As with all crossfading, there may be phasing problems depending on the samples. 

If you try this, please let me know how it works out for you.

Rejoice,

Bob

BTW: I have written a hands-on tutorial for using the AET Filter in collaboration with David Carpenter. Part 1, with the basics is completed but Part 2, dealing with advanced issues, is still being written. If anyone would like a copy of Part 1, send me a PM with your email address and I'll try to send it to you.


----------



## daringone (May 16, 2012)

Thanks Big Bob, 

I have just had one of those revelation moments that occurs to all programmers just before they are ready to tear their hair out. I had another look at Nil's script and your xfade demo and realised I'd been approaching the thing incorrectly. I may be able to script it, we shall see.

If not, your way sounds good  !


----------



## daringone (May 17, 2012)

Yippie!
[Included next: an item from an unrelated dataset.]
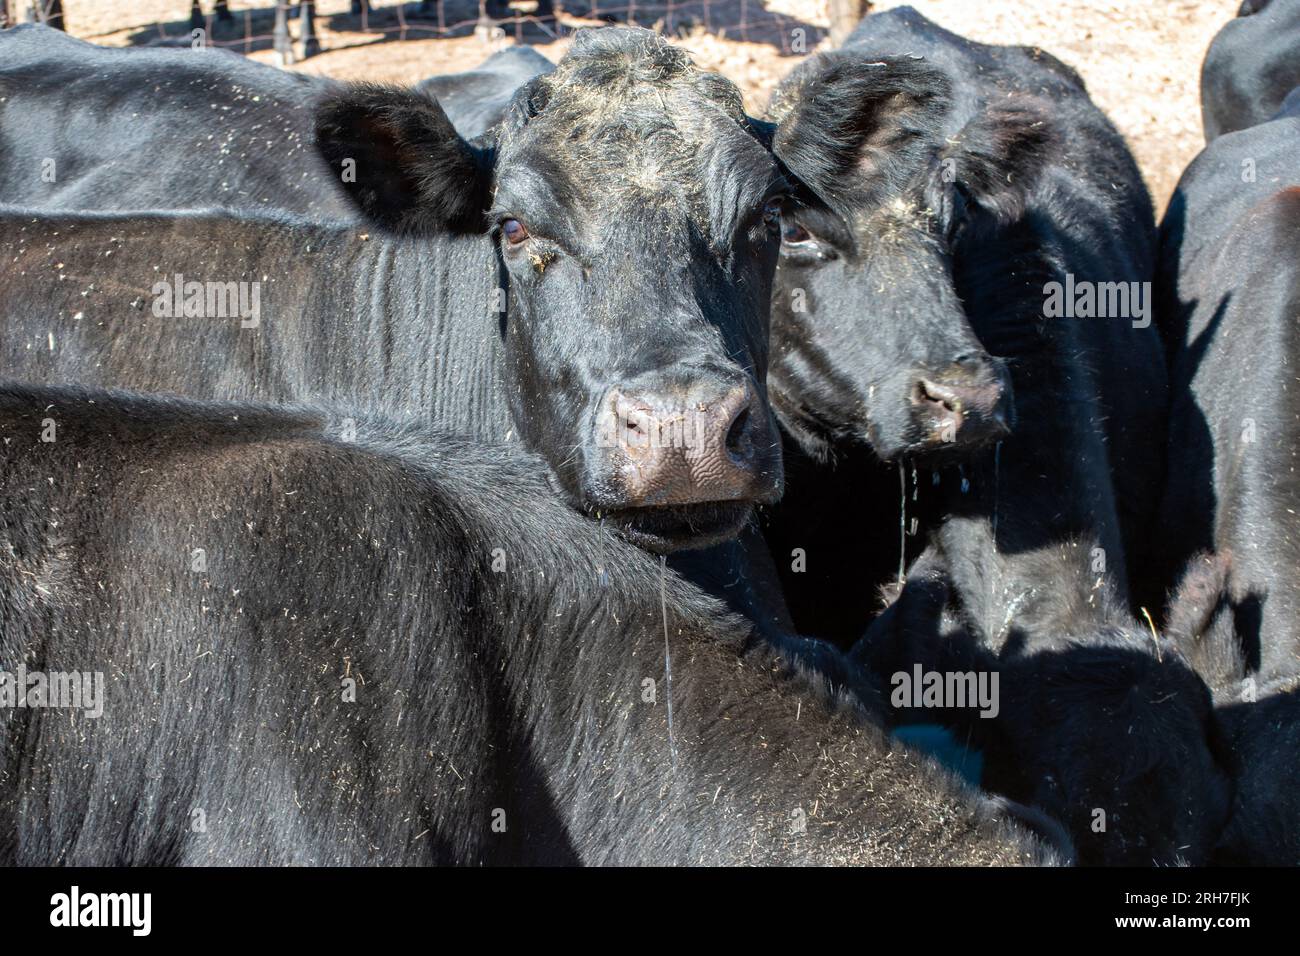 Una mirada detallada de cerca a las fosas nasales de una vaca angus negra rodeada de más ganado vacuno. Foto de stock

I managed to code the double cross fade, the first one was difficult, the second one was just a pain and I missed something obvious, but it works!! hehe

Now I need to look at legato intervals 

Thanks again.


----------



## Big Bob (May 17, 2012)

Congratulations o-[][]-o 

Just out of curiosity though, are you working within the constraints of staying at the initial velocity of the note once started? 
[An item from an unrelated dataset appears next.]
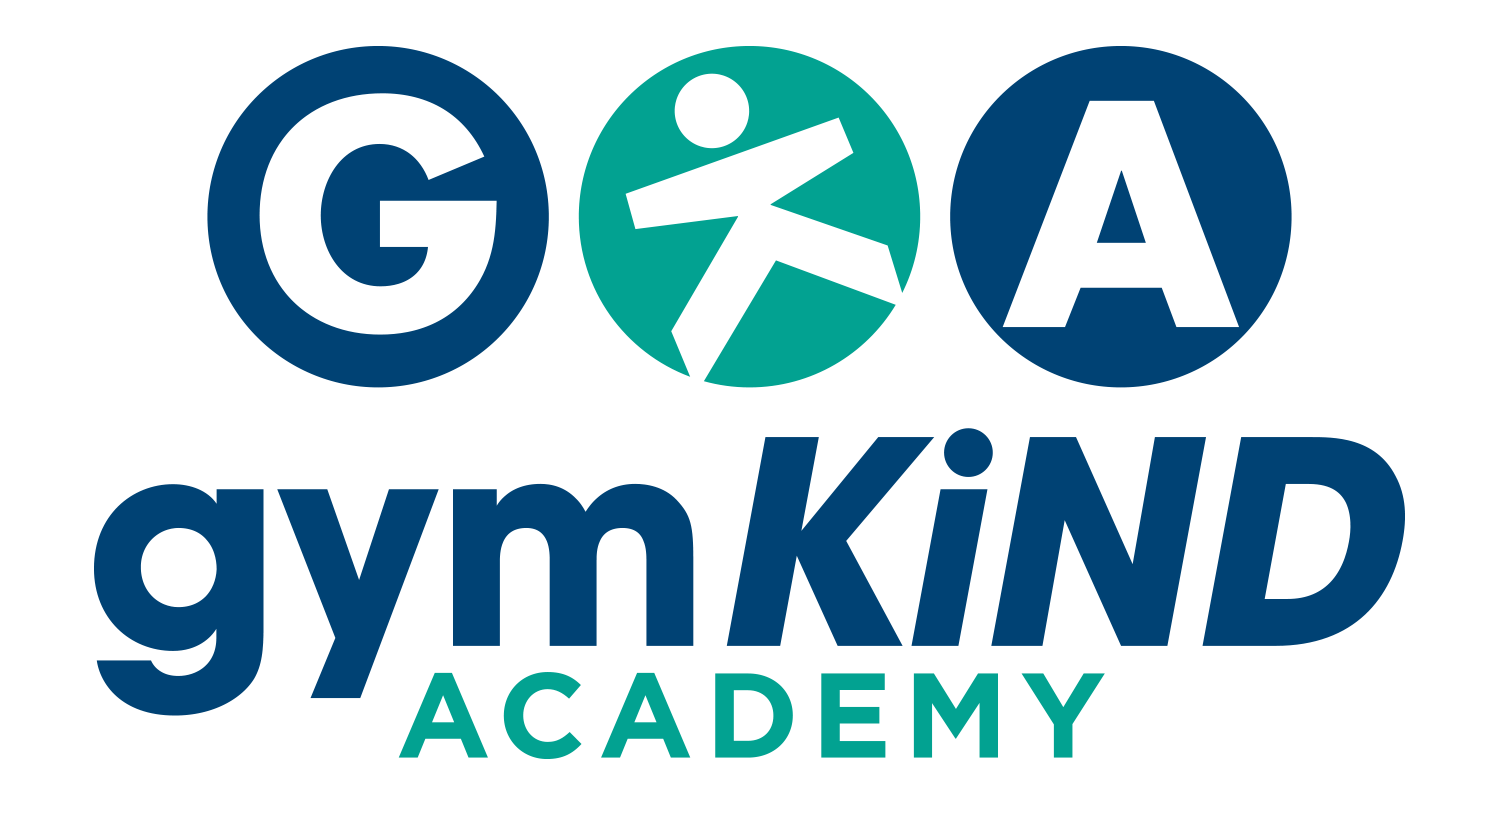 GymKind Academy Logo

Or, are you actually able to play a note and sustain it, then vary the volume up and down (passing through the set of volume samples from pp to ff) and able at any point along the line to morph from vibrato to non-vibrato and then change volume again, etc? i.e. are the two crossfade controls able to work at all times and levels during the sustain?
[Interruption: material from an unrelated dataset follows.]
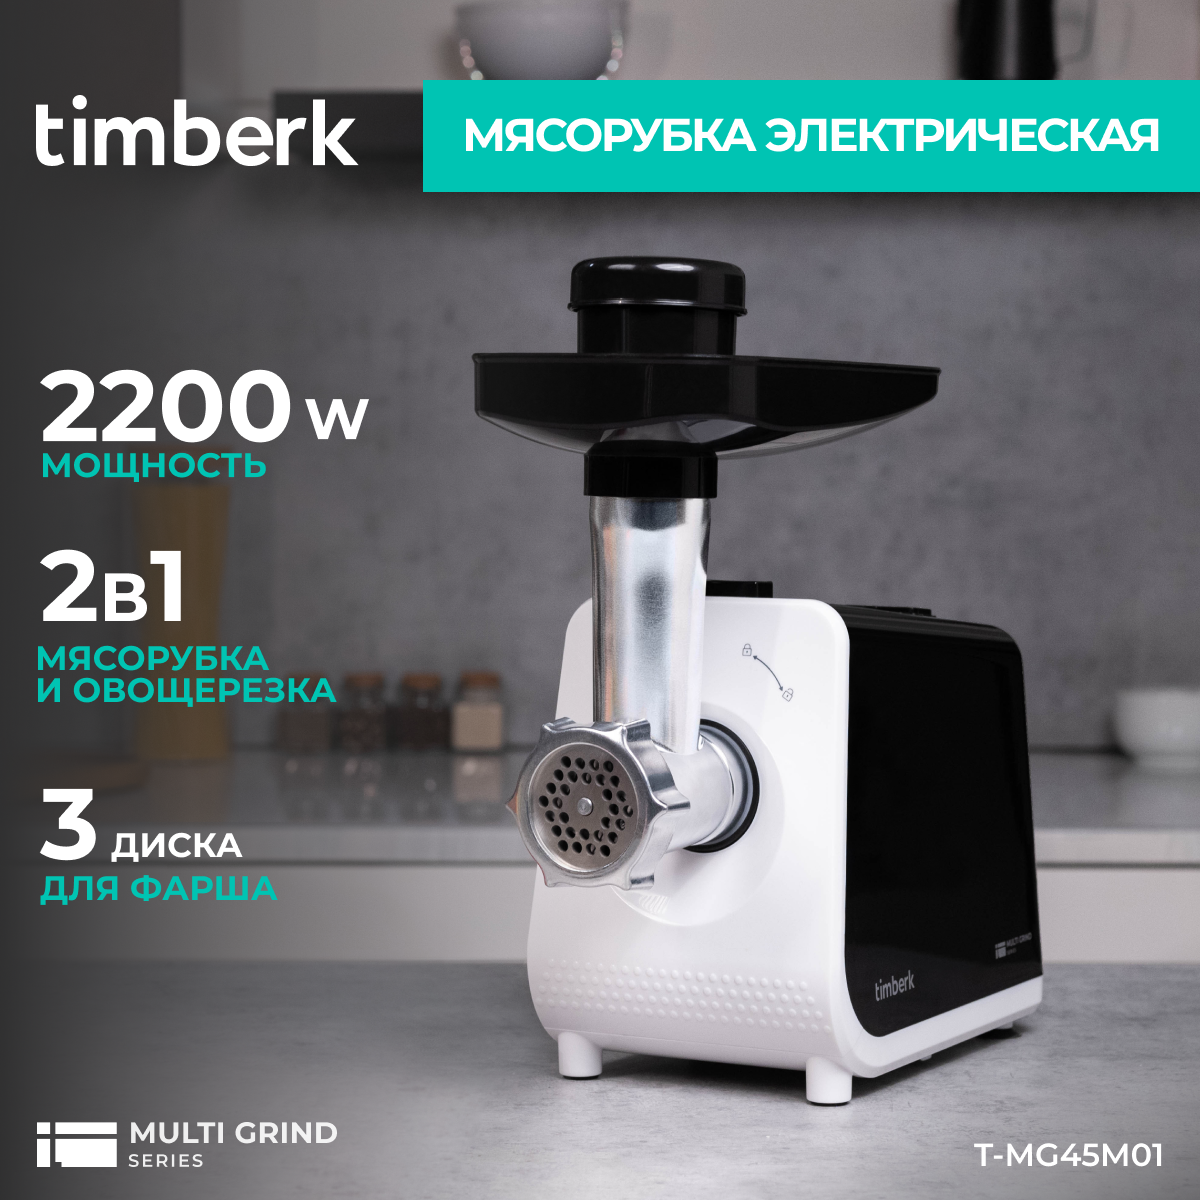 Электромясорубка Timberk T-MG45M01 450 Вт белая, черная мясорубка sakura sa 6420sw 1500 вт реверс 3 насадки белая

If so, double congratulations are in order, a 'daring feat' indeed! :lol: 

Rejoice,

Bob


----------



## daringone (May 18, 2012)

Hi Bob

I have it set up so I have groups from pp to ff, and within the groups are both sets of sample vibrato and sustain at different velocity levels.

When a note is pressed all the samples are played and straight after the volumes are set (as in your xfade demo), first they are set based on the modwheel position, and then the dynamic layer that is currently playing is set based on the vibrato controller, CC77 for my purposes.

Whenever a controller is moved the volumes are updated again in the same manner, so I can control both volume and vibrato depth at the same time.


----------



## Big Bob (May 18, 2012)

> I have it set up so I have groups from pp to ff, and within the groups are both sets of sample vibrato and sustain at different velocity levels.



But if the only way to select between the vib samples or the non-vib samples is to change the velocity (which Kontakt only reads at note start), how are you morphing back and forth between them during a note's sustain? Your explanation sounds more like my first statement:



> Just out of curiosity though, are you working within the constraints of staying at the initial velocity of the note once started?



Specifically, only the initial played velocity determines whether vib or non-vib samples play. You can then morph back and forth between the volume samples but you can't change the velocity anymore during the sustain of the note, ergo, you can't continuously morph back and forth between vib and non-vib. Or am I misunderstanding your explanation? :?


----------



## daringone (May 18, 2012)

Hi Bob,

When I play a note both the sustain articulations and the vib articulations start playing at the same time, So i have 10 voices going, 5 non vib, 5 vib, but the vibs are silent until i raise the CC77 controller at which point they crossfade with the non vib.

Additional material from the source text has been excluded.